The entries below are to be repeated exactly, with the pictures left out.
*** Opening of The records ***
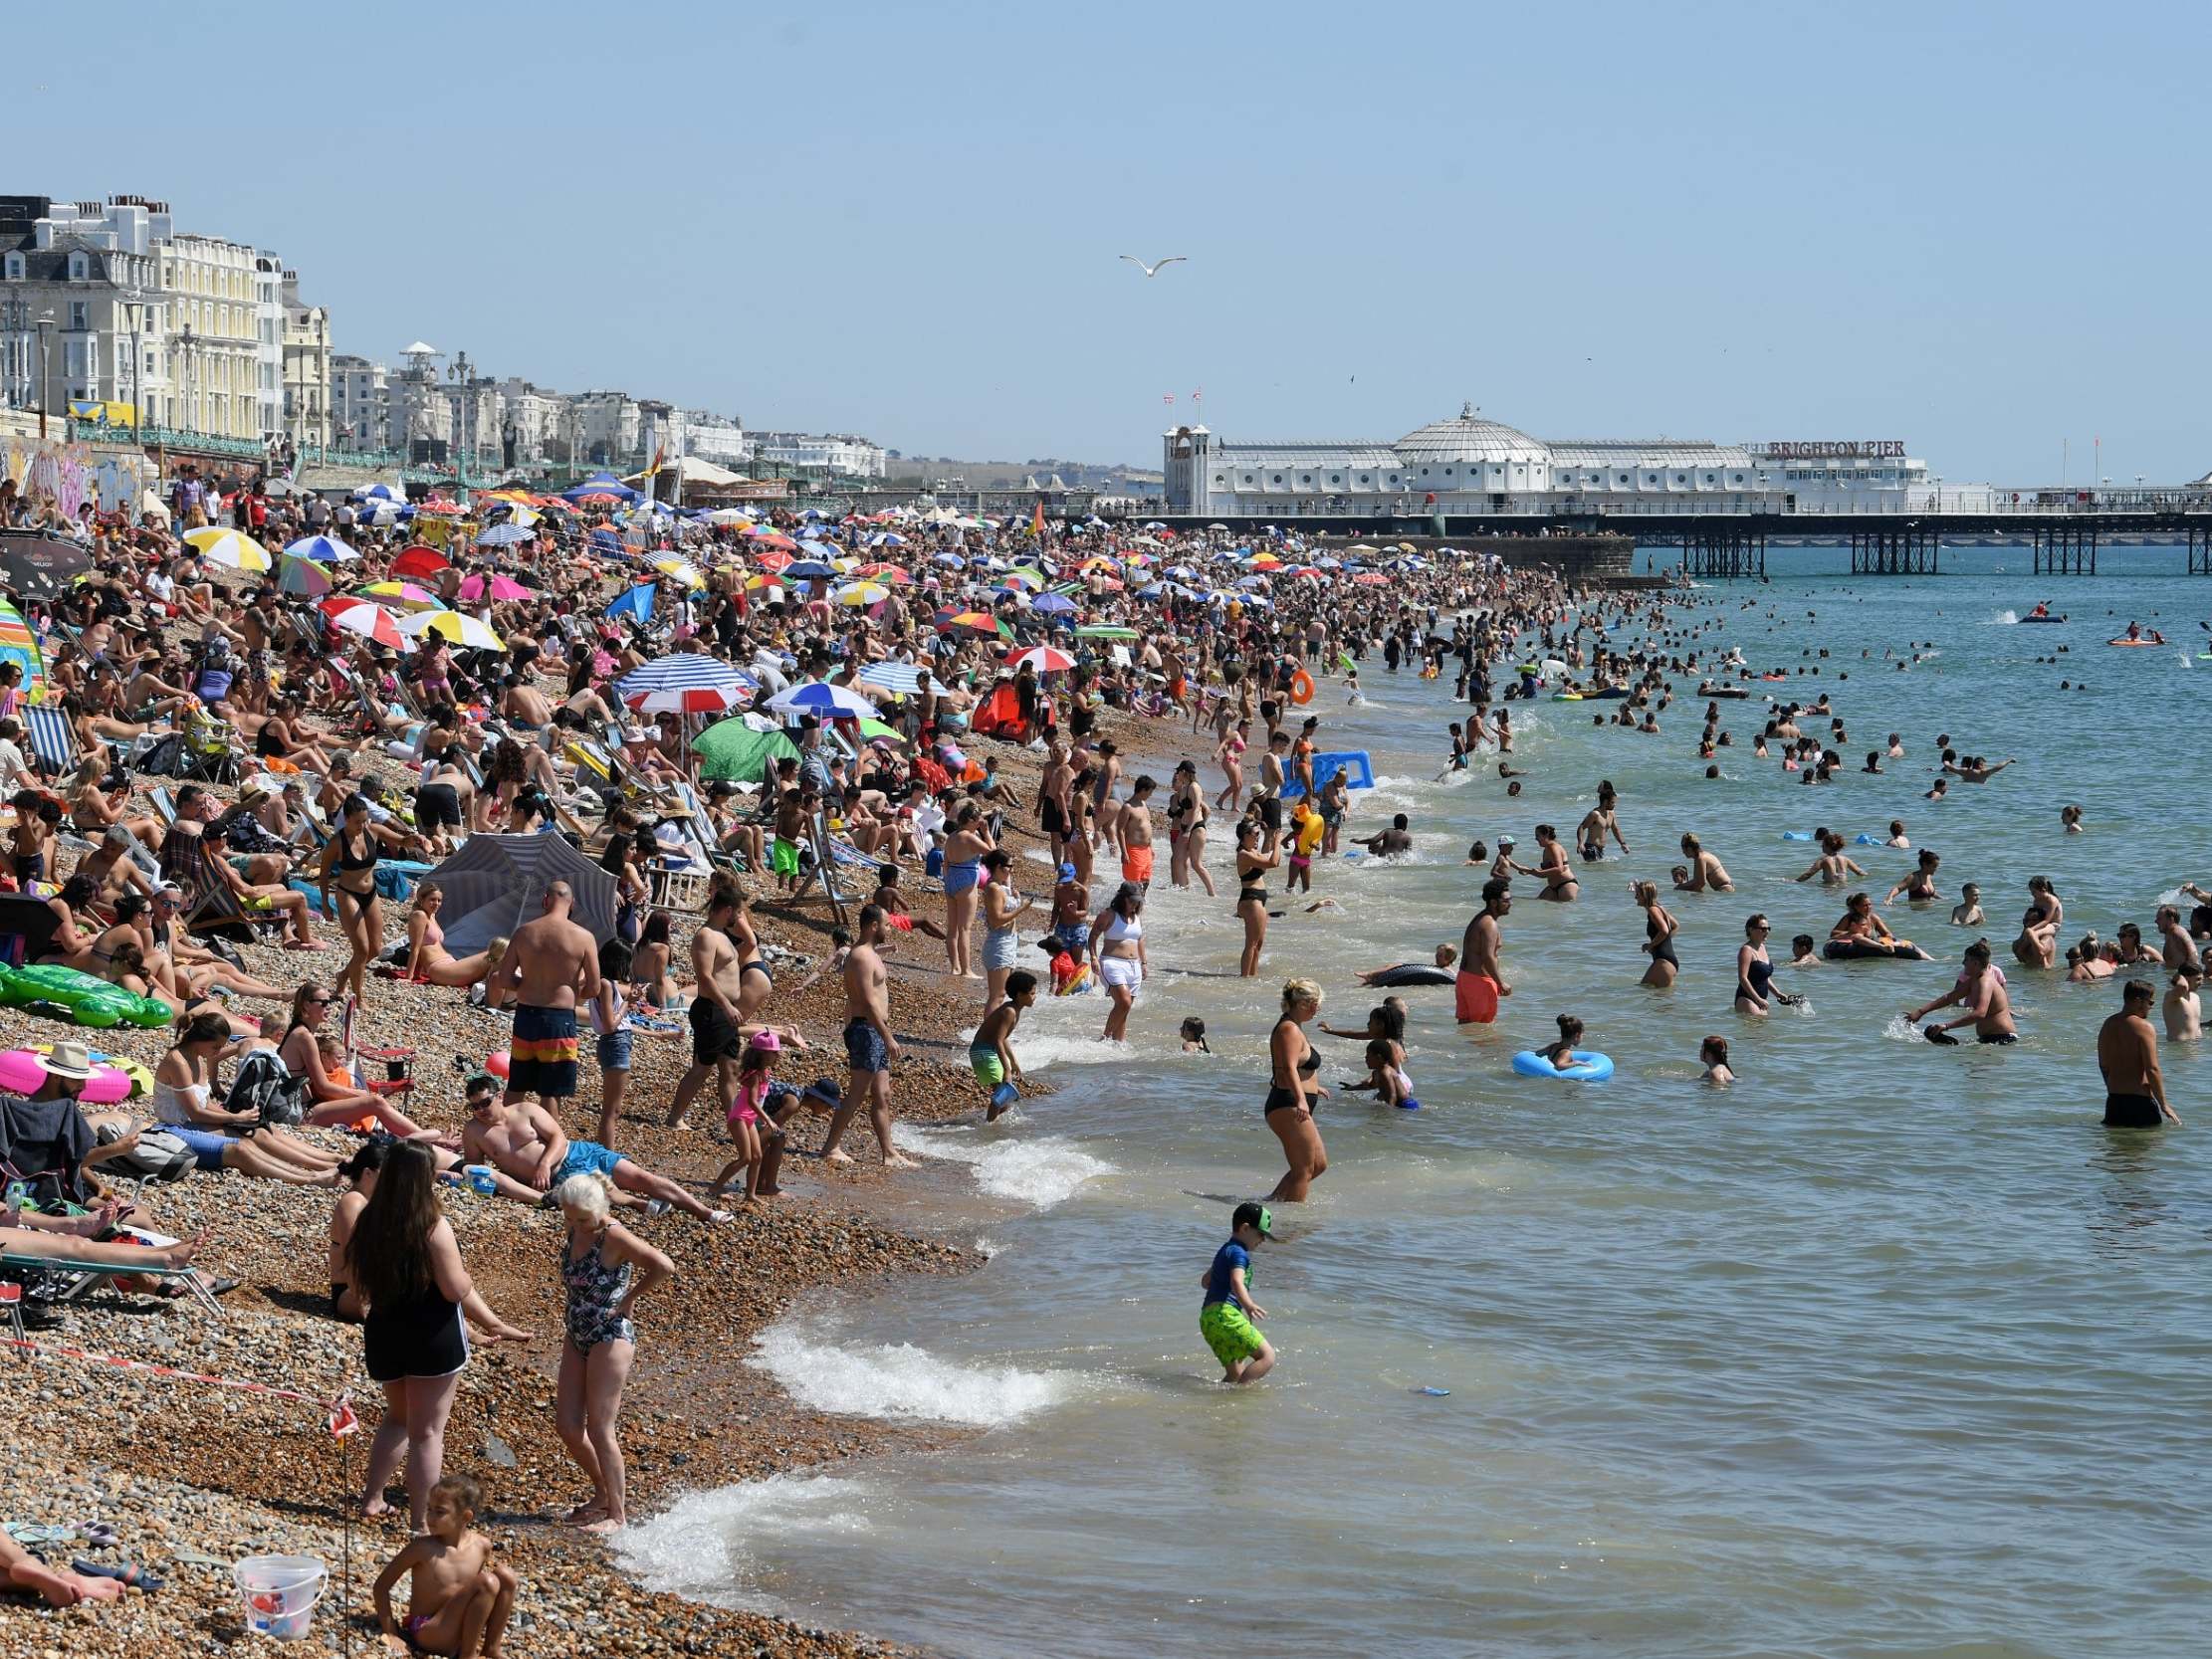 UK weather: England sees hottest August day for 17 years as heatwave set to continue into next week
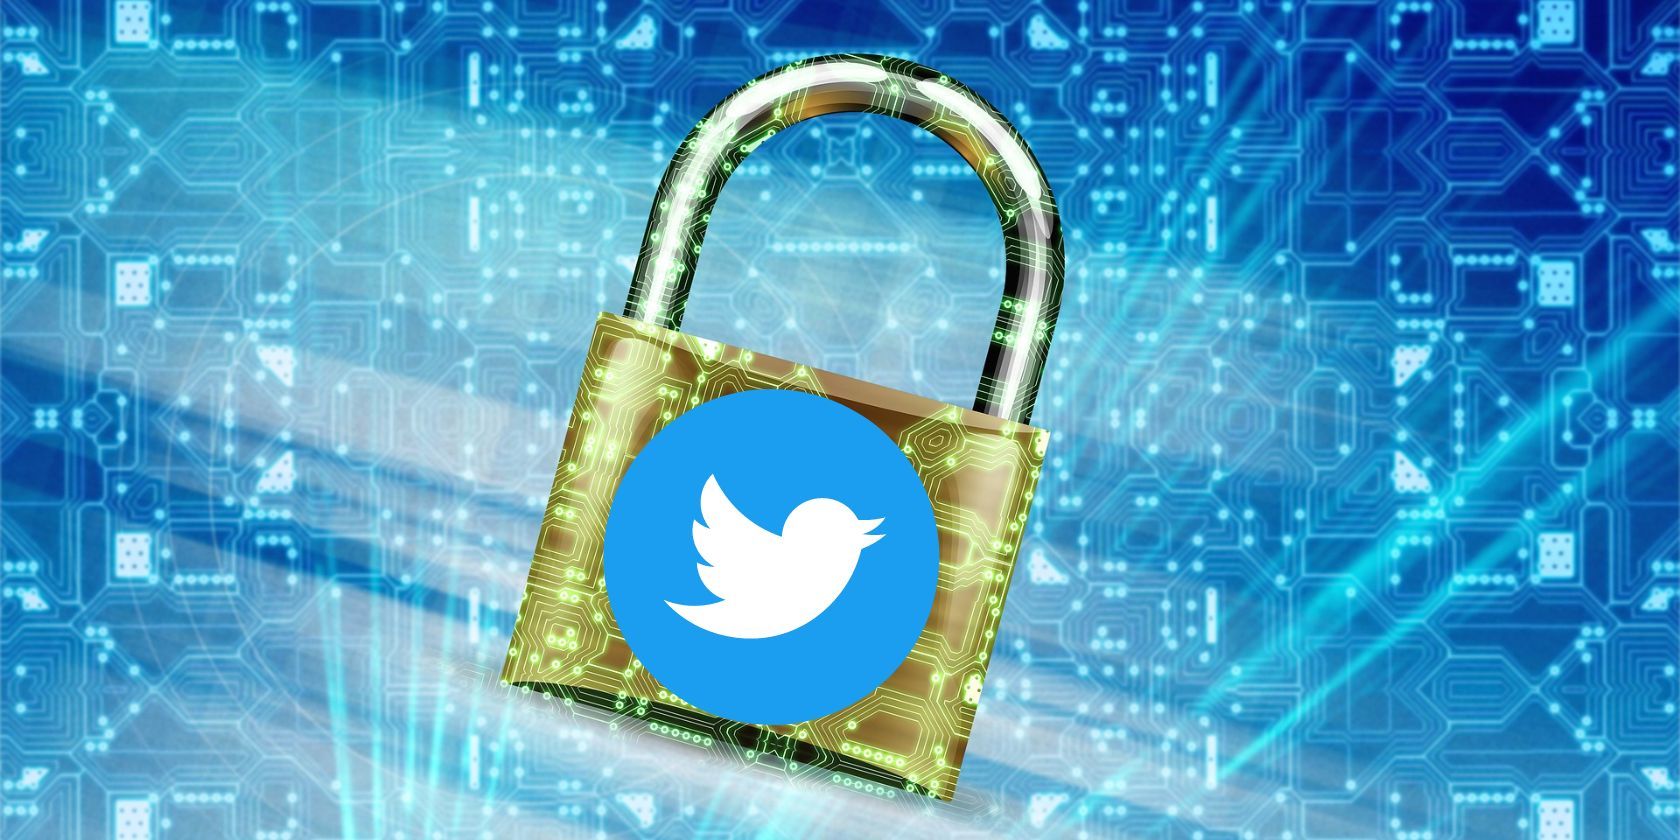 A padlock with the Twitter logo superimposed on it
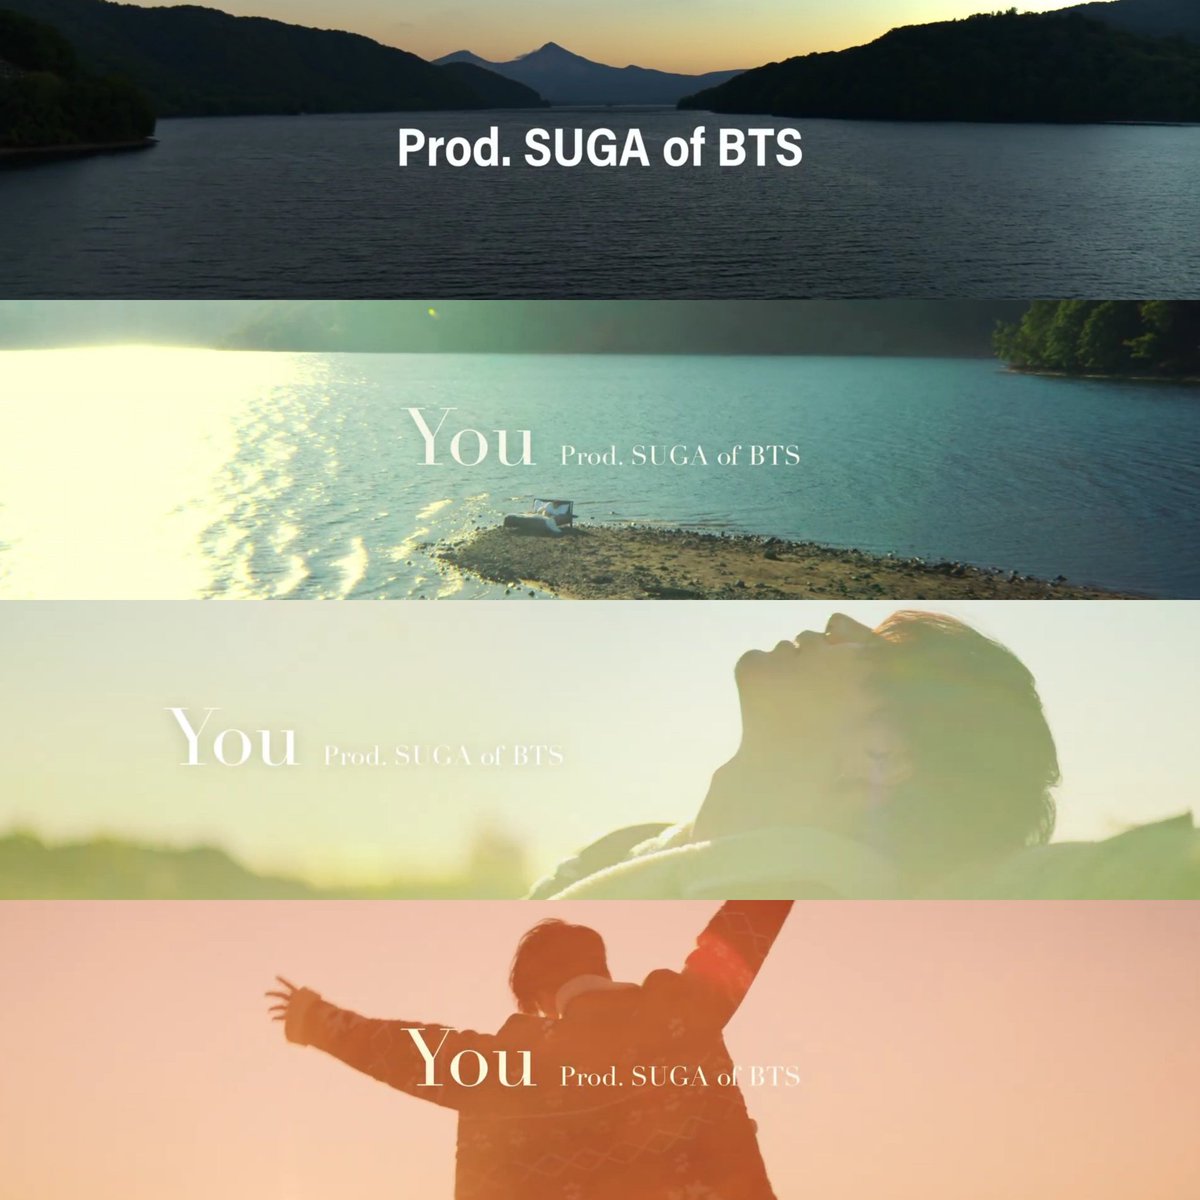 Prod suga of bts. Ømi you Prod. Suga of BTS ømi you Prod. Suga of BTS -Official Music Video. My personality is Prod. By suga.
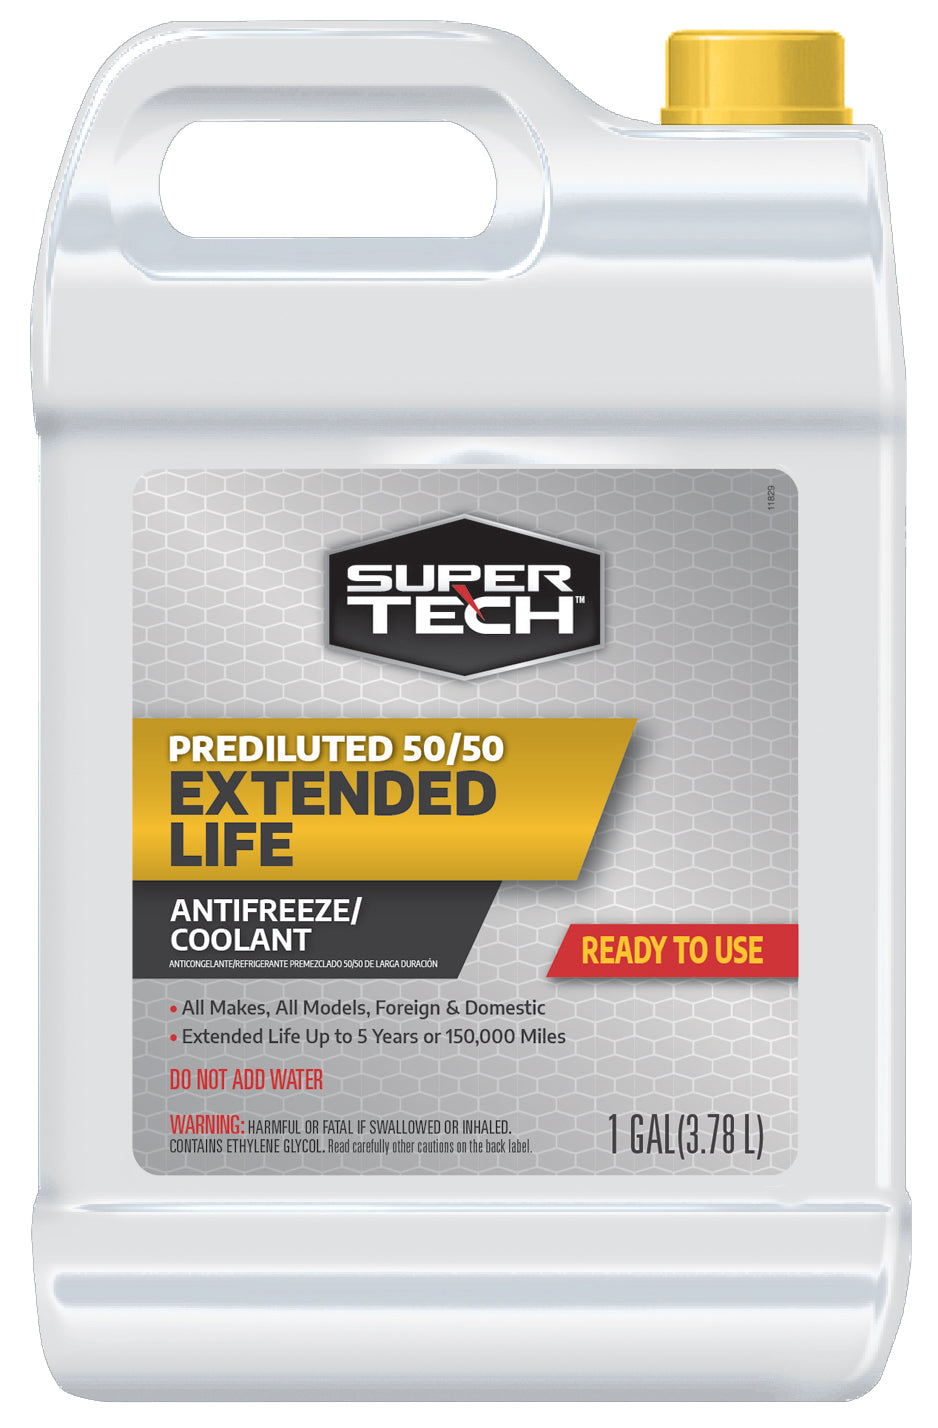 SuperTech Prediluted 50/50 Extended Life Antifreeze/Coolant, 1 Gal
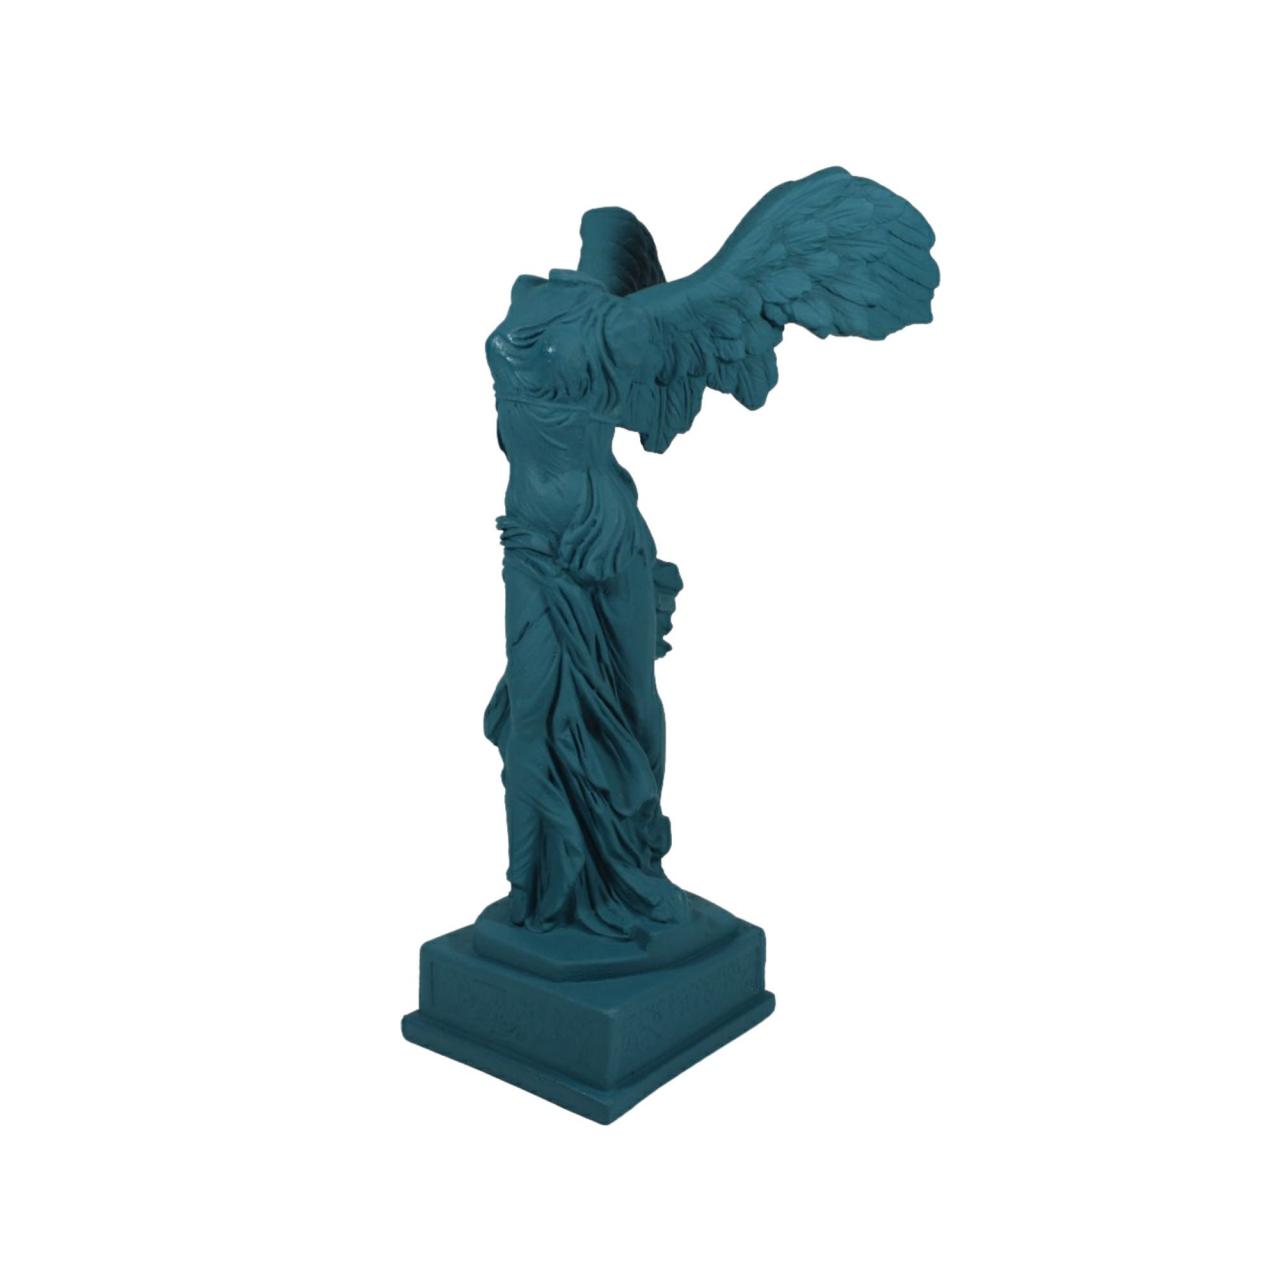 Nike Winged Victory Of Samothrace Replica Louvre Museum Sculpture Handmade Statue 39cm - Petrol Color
*** Close of The records ***
▶ **Exercise solution**
 UK weather: England sees hottest August day for 17 years as heatwave set to continue into next week
 A padlock with the Twitter logo superimposed on it
 Prod suga of bts. Ømi you Prod. Suga of BTS ømi you Prod. Suga of BTS -Official Music Video. My personality is Prod. By suga.
 SuperTech Prediluted 50/50 Extended Life Antifreeze/Coolant, 1 Gal
 Nike Winged Victory Of Samothrace Replica Louvre Museum Sculpture Handmade Statue 39cm - Petrol Color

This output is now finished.